# Closed Foot Cigars - How do YOU light them?



## SoCal Gunner (Apr 7, 2016)

Hello my fellow BOTL,

I am about to light up a Man O War Side Project "Skull Crusher" and it has a closed foot. Now of course I can and have Googled how others do it. But I'm asking you all how you each go about it and why you think your way is best.

For those curious, my search results came up with three main answers: 
1) Just light the foot as-is
2) Snip the tip so it can breath
3) Cut the whole damn foot off

What say you?


----------



## ForceofWill (Sep 6, 2008)

I always just light it. Draw is a little tight at first but it opens up usually and if I need to touch it up slightly I'm fine with that.


----------



## talisker10 (Nov 6, 2015)

I light my af short story as is.
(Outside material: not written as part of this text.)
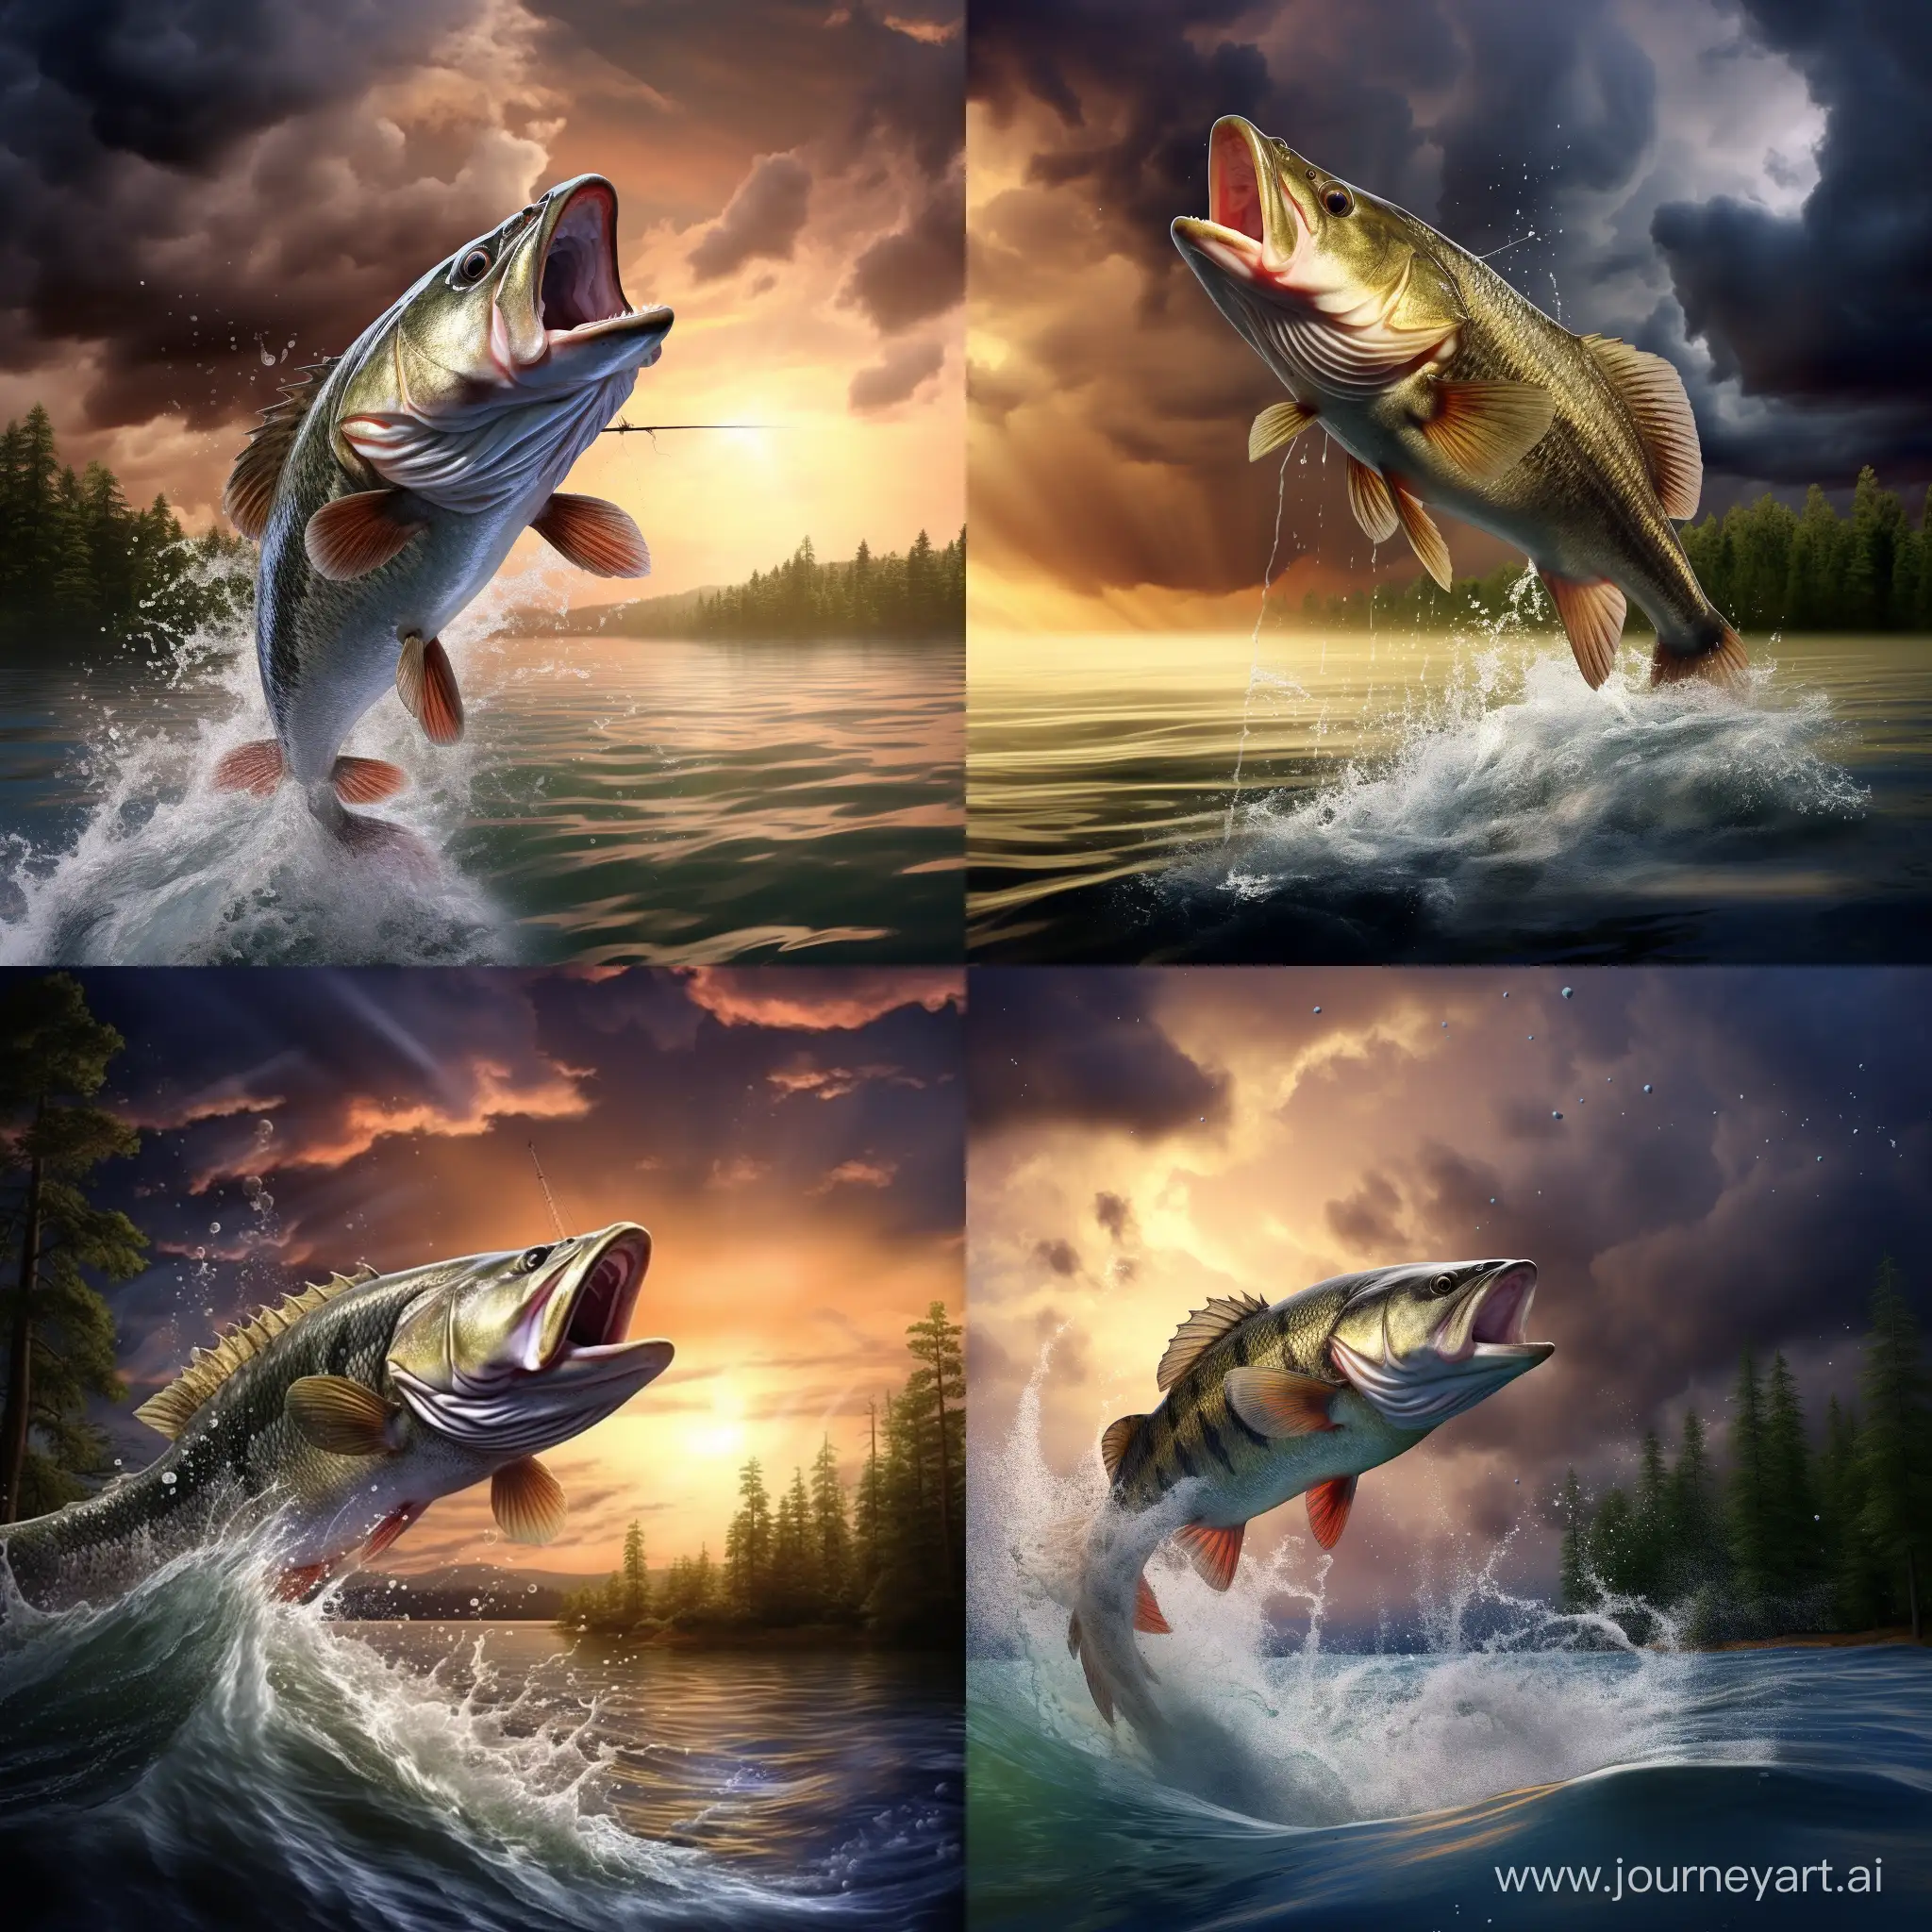 "Throwing a bass fishing lure from its mouth." A largemouth bass fish, is jumping out of a lake, an Extreme splash of water from the thrashing movement of the largemouth bass fish. The background is a beautiful sky with lightning flashes, over a lake in the woods. photo realistic quality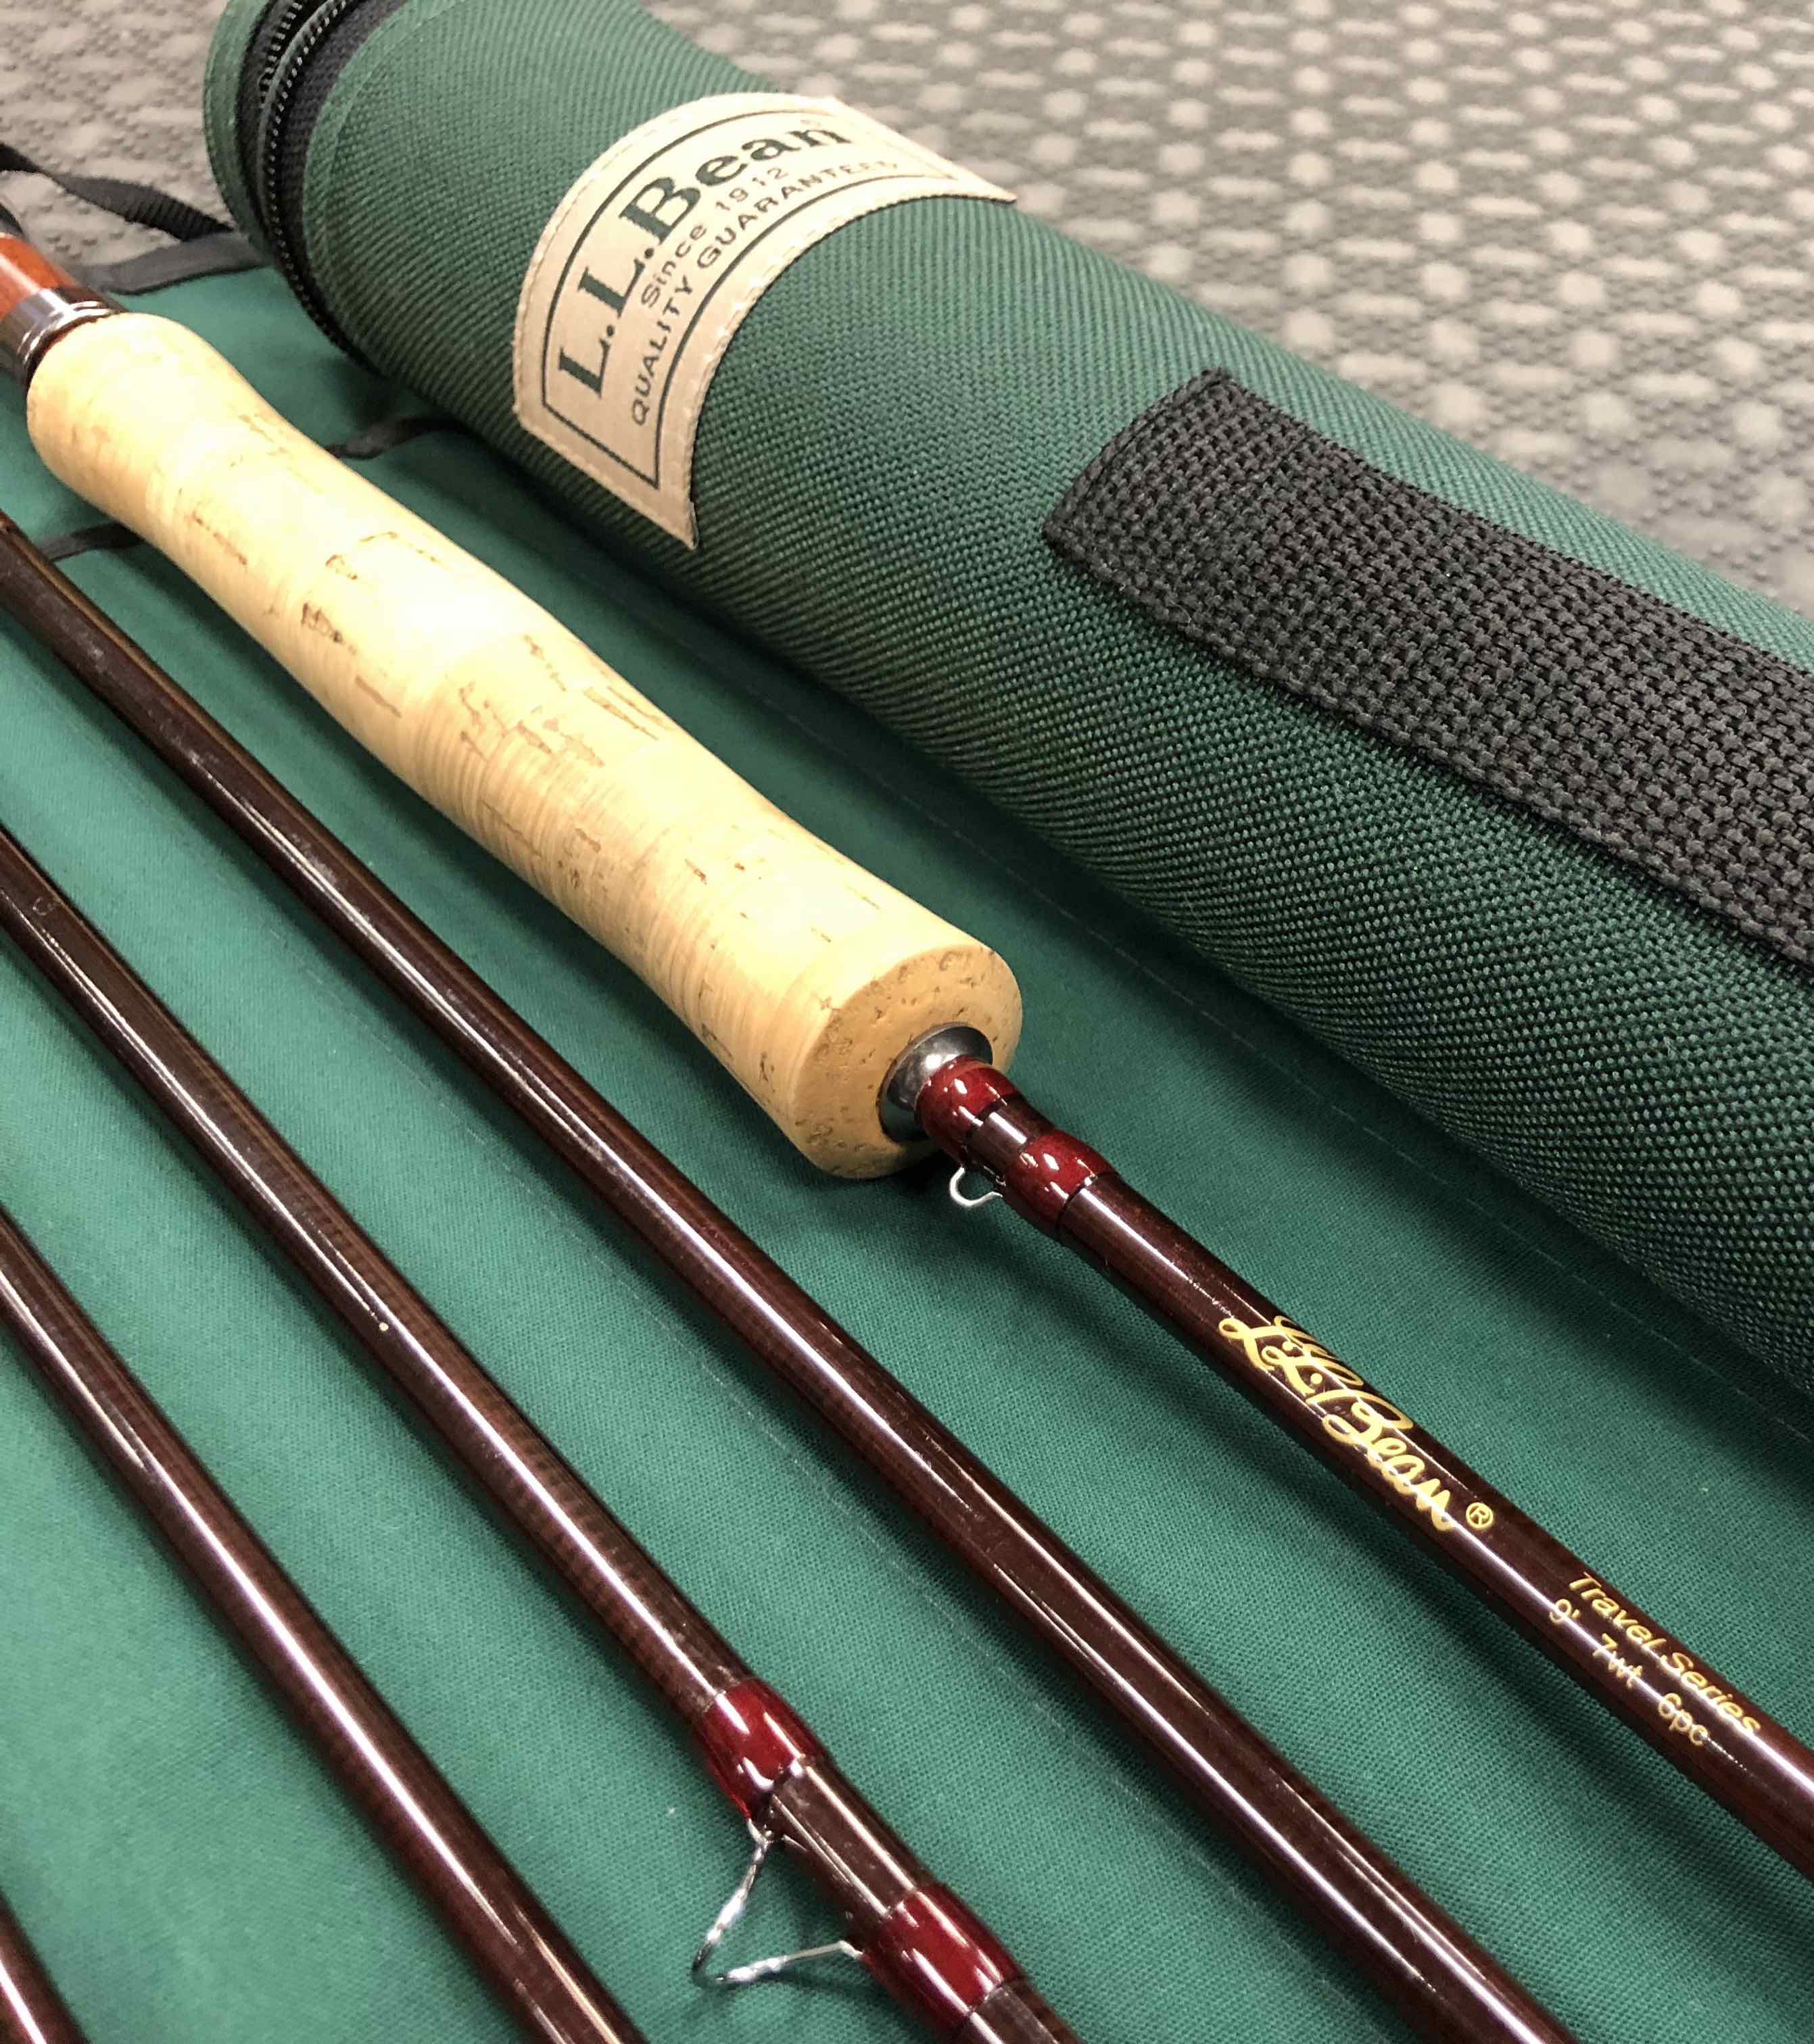 SOLD! – NEWER PRICE! – LL Bean Travel Series 9′ 7wt 6pc Fly Rod c

I feel no need to cut the foot because it would ruin the experience of smoking a perfecto. Granted the foot isn't completely closed, but still I light as is.


----------



## socalocmatt (Dec 22, 2010)

Light it as is.
A perfecto is intended to be smoked as is or it would have been rolled as a torpedo.

Sent from my SAMSUNG-SM-G900A using Tapatalk


----------



## StogieNinja (Jul 29, 2009)

Closed foot is a pain. I know it's supposed to give the "wrapper only" flavor, but there's too much work involved. I cut the extra wrapper off and light like a normal cigar.


----------



## Yarddog (Mar 15, 2014)

Light 'em as is...my Southern Draws all have closed feet, never a problem...


----------



## Bird-Dog (Oct 16, 2009)

Yarddog said:


> Light 'em as is...my Southern Draws all have closed feet, never a problem...


La Colmena also comes to mind. A true closed foot like that, as opposed to a narrowed foot on a perfecto, may require burning the cover away while toasting before it will draw at all. Nothing wrong with carefully removing it first, though.


----------